The diameter of a capillary is 4 mm. If Reynolds's number of the tube is 1000 and the co-efficient of viscosity for the water is 0.02 poise, determine the maximum speed of water for the stream line flow in the tube?

Question

Question

This question was previously asked in

AAI ATC Junior Executive 25 March 2021 Official Paper (Shift 3)

Answer 1

Given:

The diameter of the capillary (d) = 4 mm or (0.004 m)

Reynolds's number of the tube (R) = 1000

Co-efficient of viscosity for the water (η) = 0.02 poise

Concept:

We get to know about the laminar and turbulent nature of flow through the Reynolds number.
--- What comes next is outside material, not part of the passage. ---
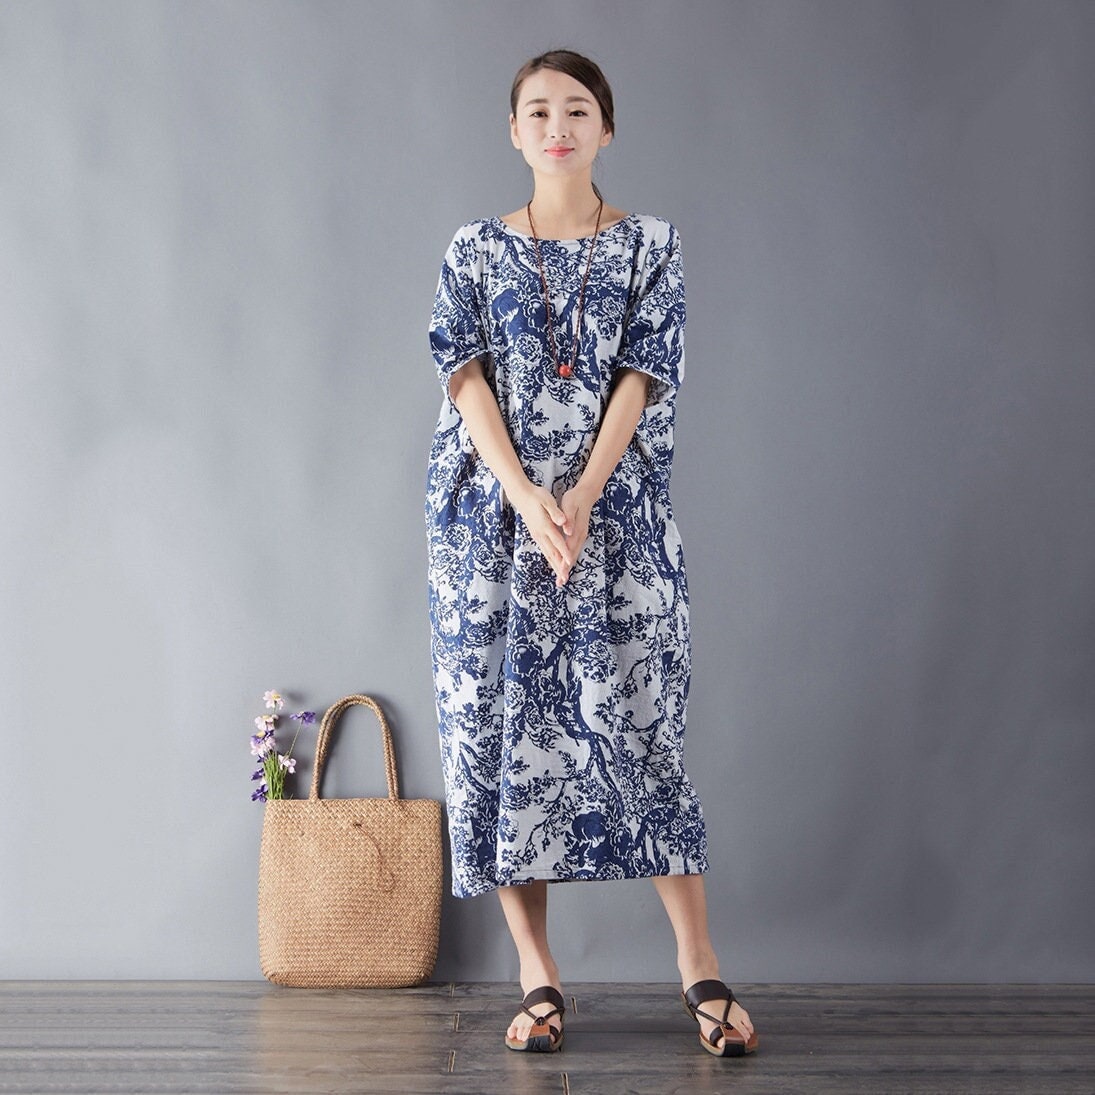 Women Printed Cotton Dress Floral Casual Loose Robes Half Sleeves Shift Dress Boho Midi Dresses Customized Dress Plus Size Clothing Linen

Critical velocity is the maximum velocity above which the nature of flow no longer remains Laminar.

Formula:

The Reynolds number is given by : \(R = \frac{ρ v d}{η}\)

Where v is the average velocity of the flow.

1 Poise = 0.1 Pa-s

Density of water (ρ) = 1000 kg/m³

Calculation:

• 0.02 poise = 0.02 × 0.1 Pa-s

= 0.002 Pa-s

∵ R = ρvd/η

⇒ v = Rη/ρd

⇒ v = (1000 × 0.002)/(1000 × 0.004)

= 0.5 m/s or 50 cm/s

So, v_max = 2v = 2 × 50

⇒ vmax = 100 cm/s